═════ Data shown

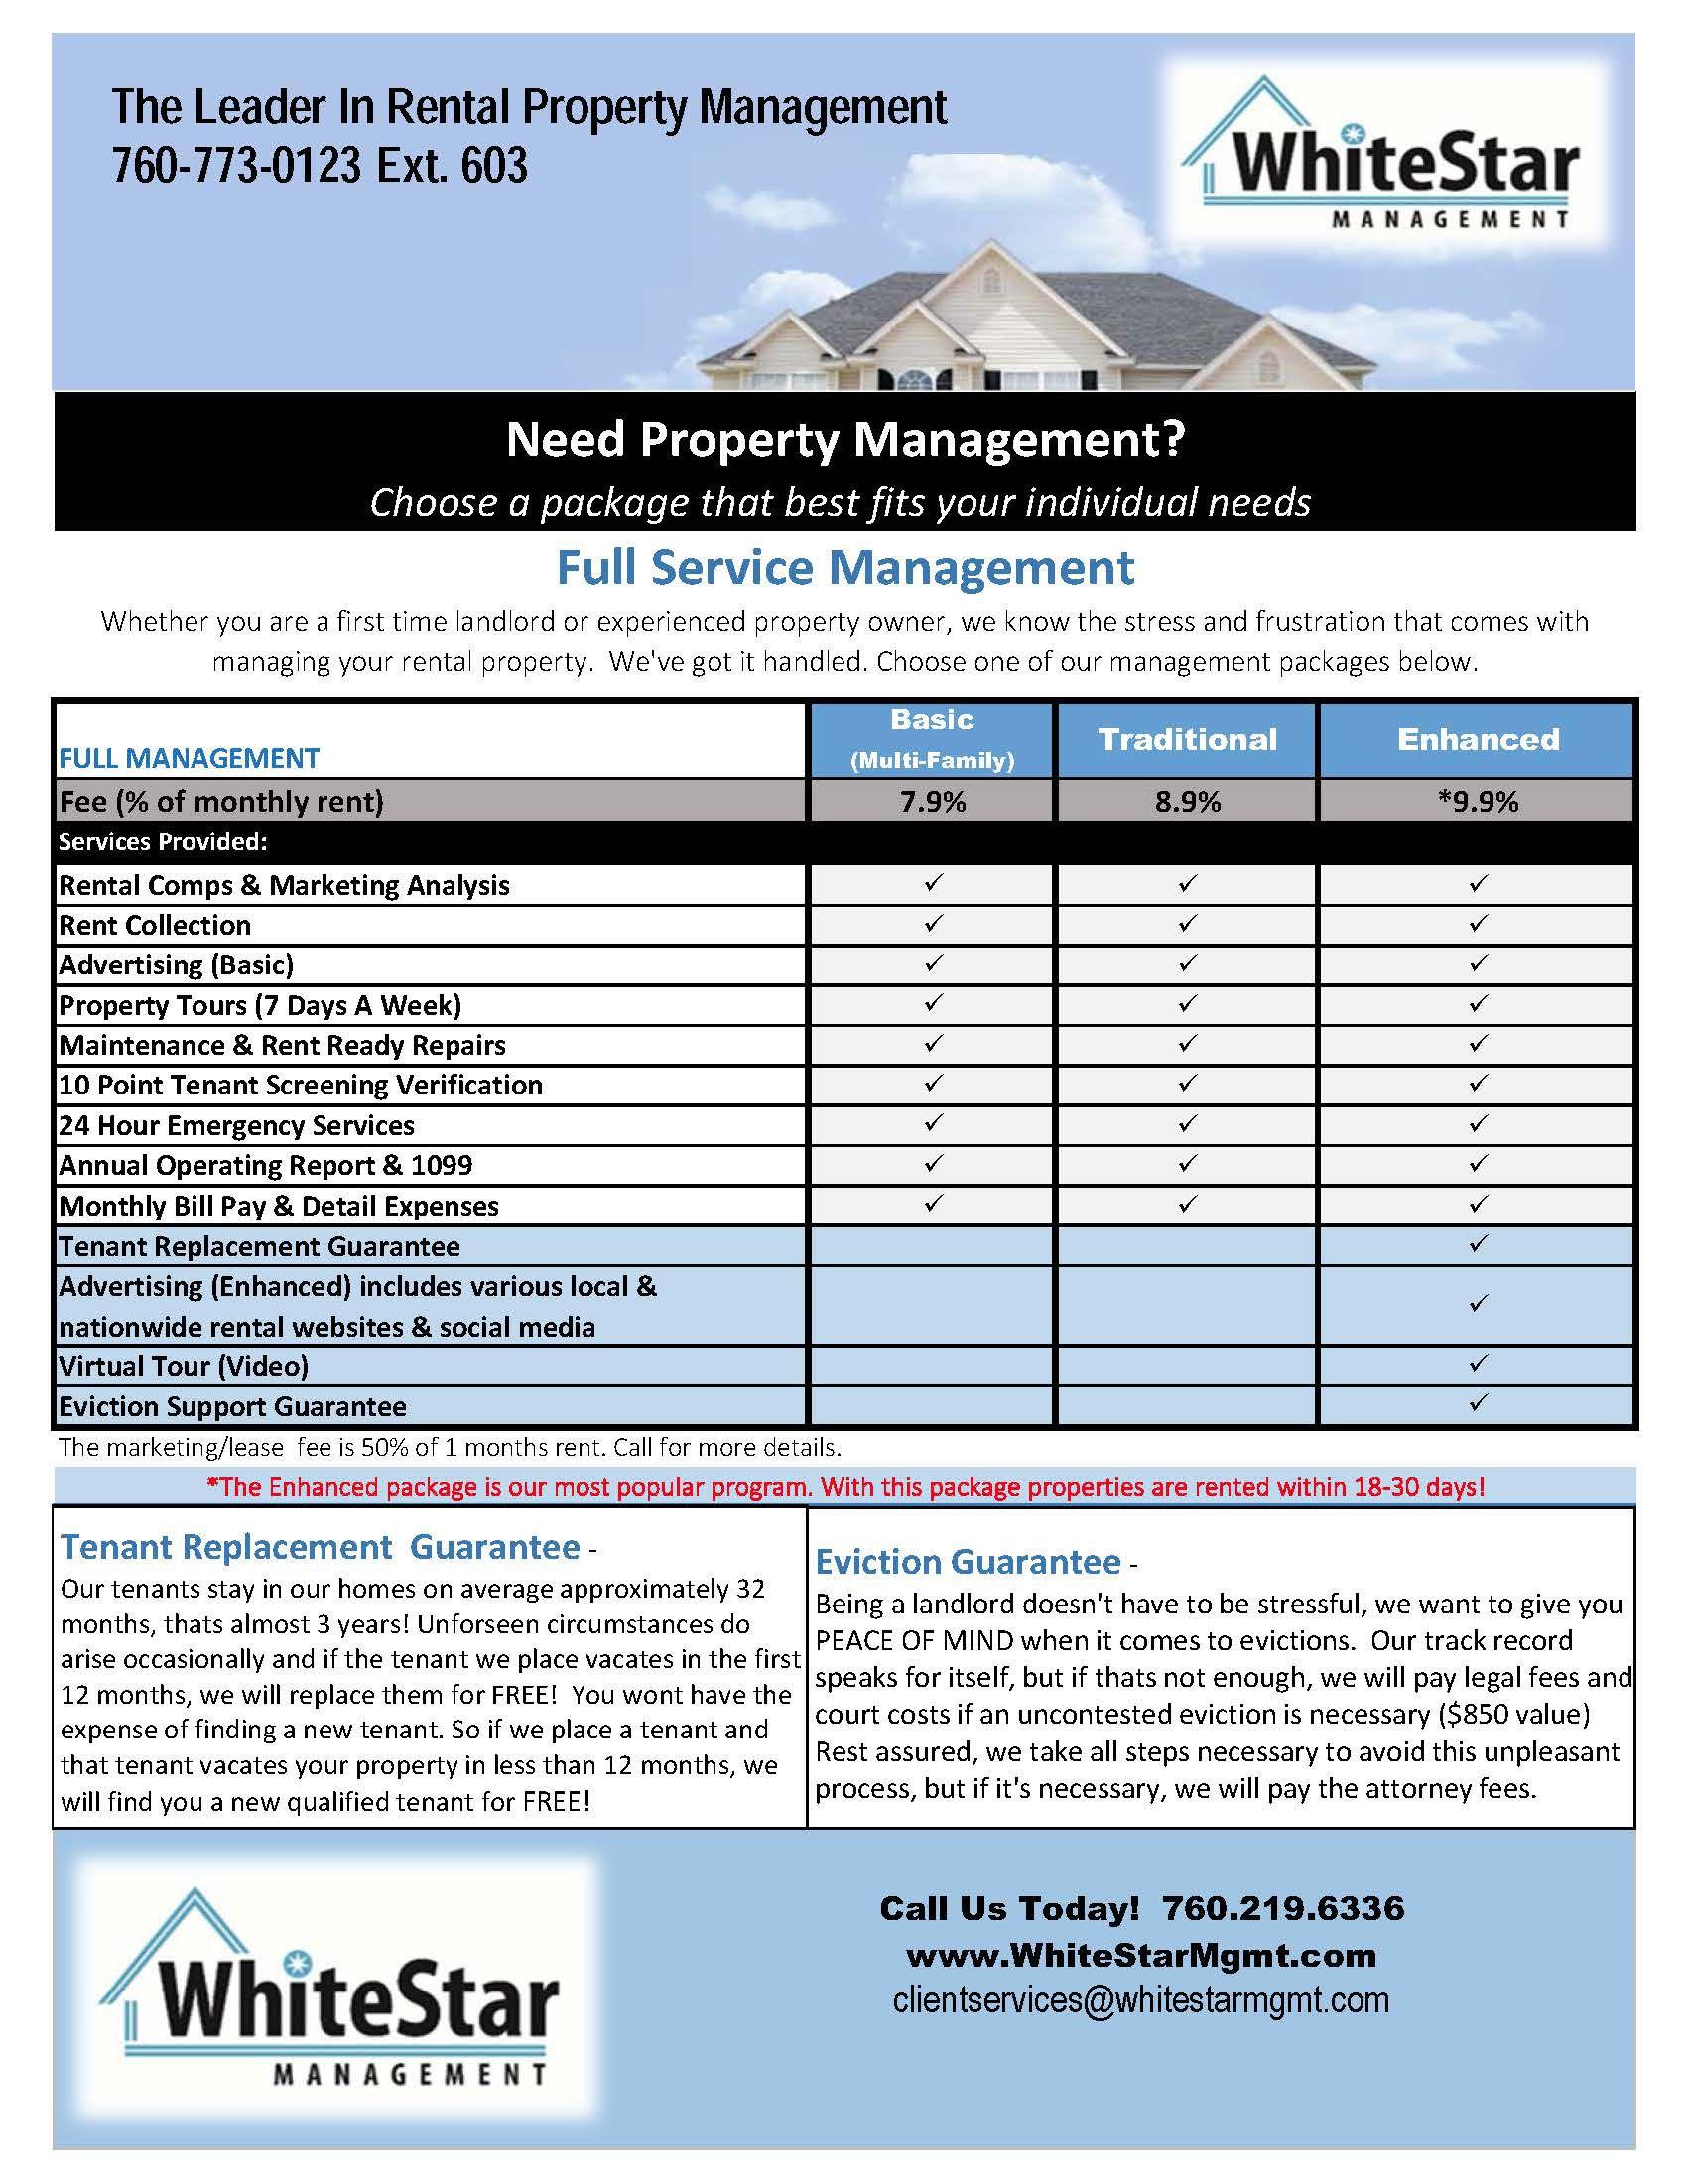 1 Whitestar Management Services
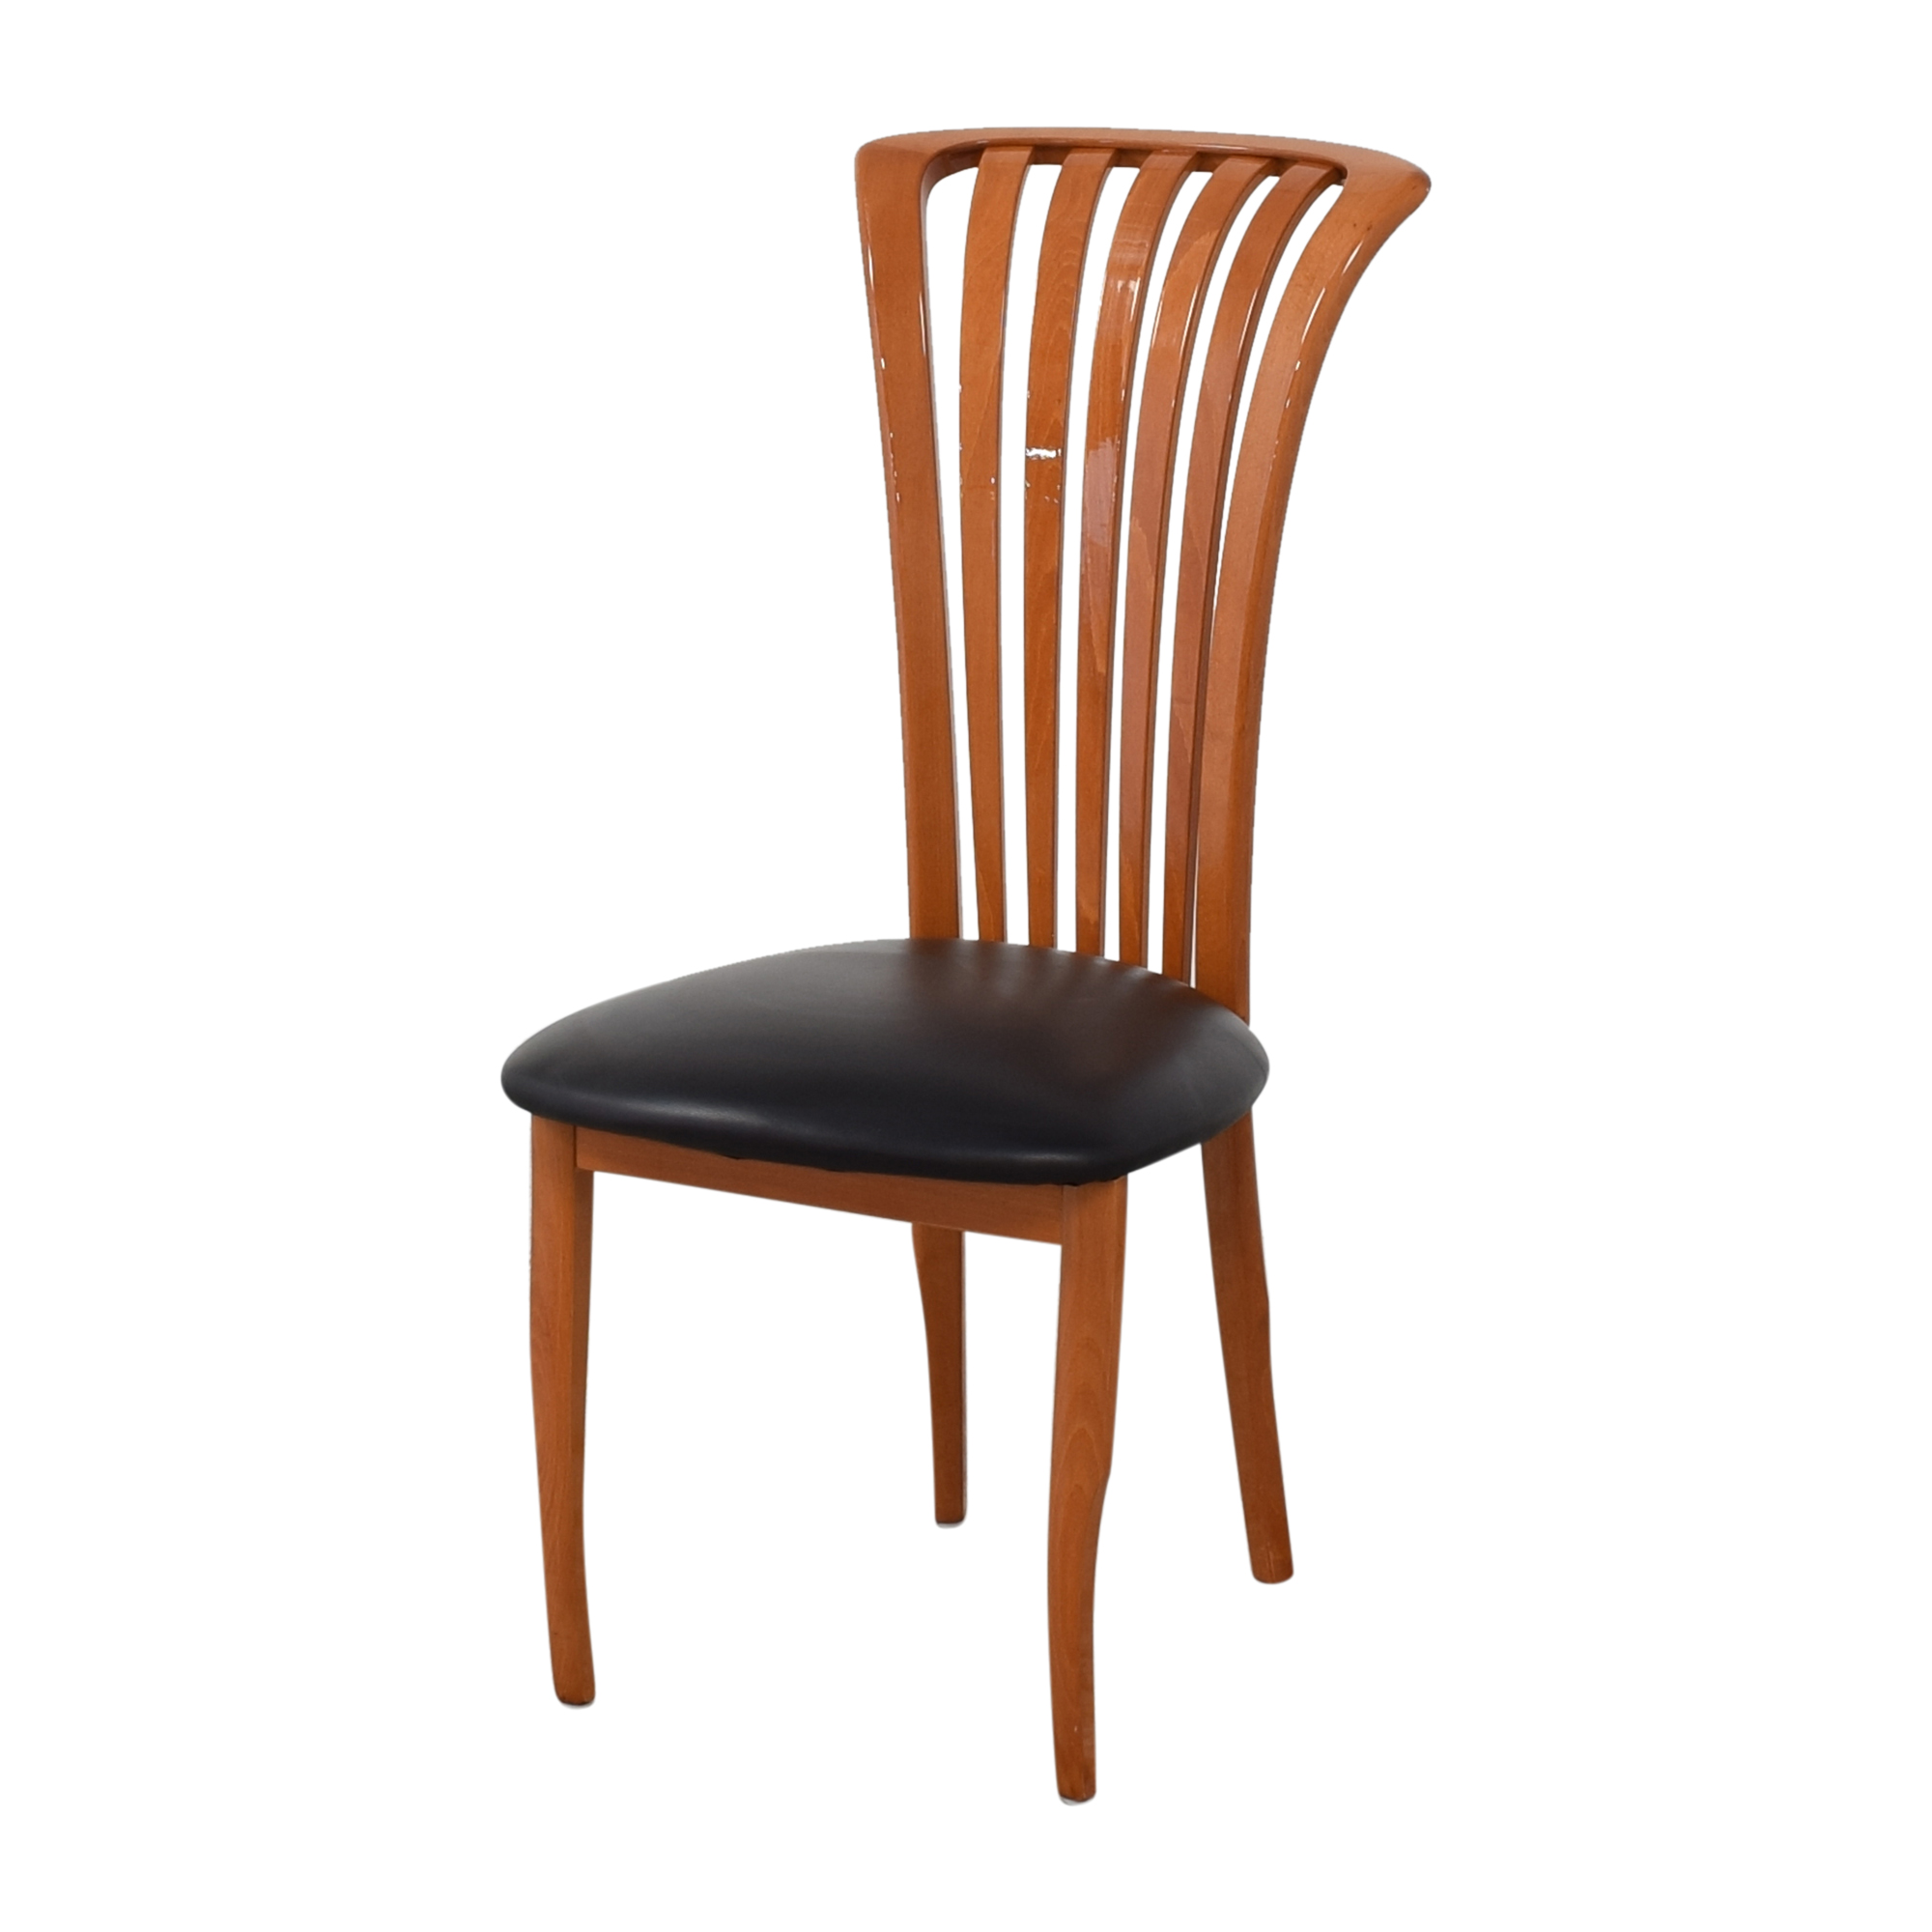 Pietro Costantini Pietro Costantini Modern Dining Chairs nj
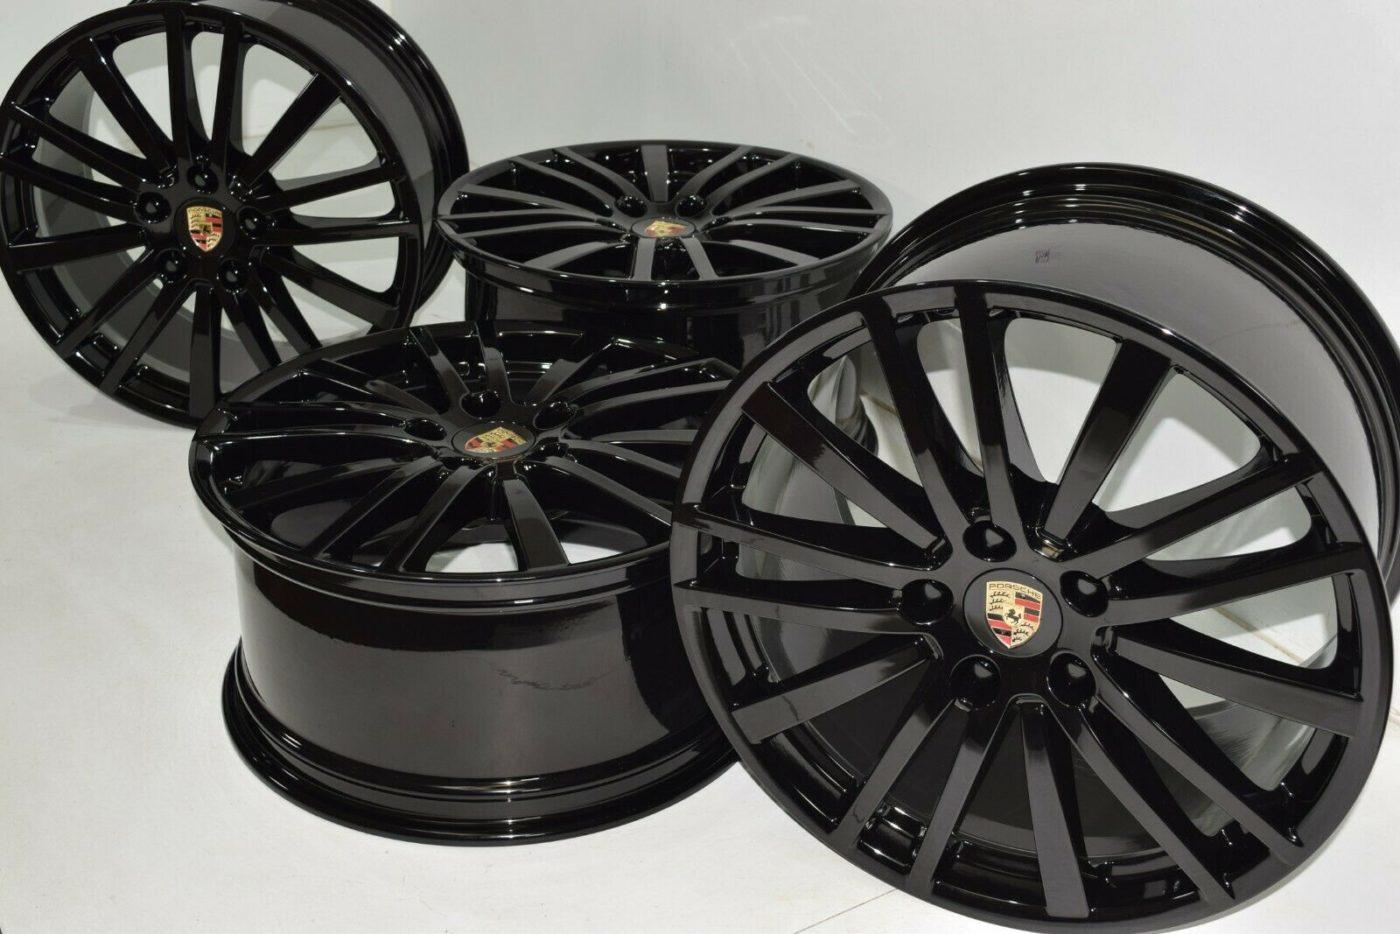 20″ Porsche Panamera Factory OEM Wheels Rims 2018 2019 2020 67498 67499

══════════

Lines from the one holding "Pietro Costantini Pietro" to the end of the data, both ends included, are to be given again exactly; no pictures belong in the copy.

 Pietro Costantini Pietro Costantini Modern Dining Chairs nj
 20″ Porsche Panamera Factory OEM Wheels Rims 2018 2019 2020 67498 67499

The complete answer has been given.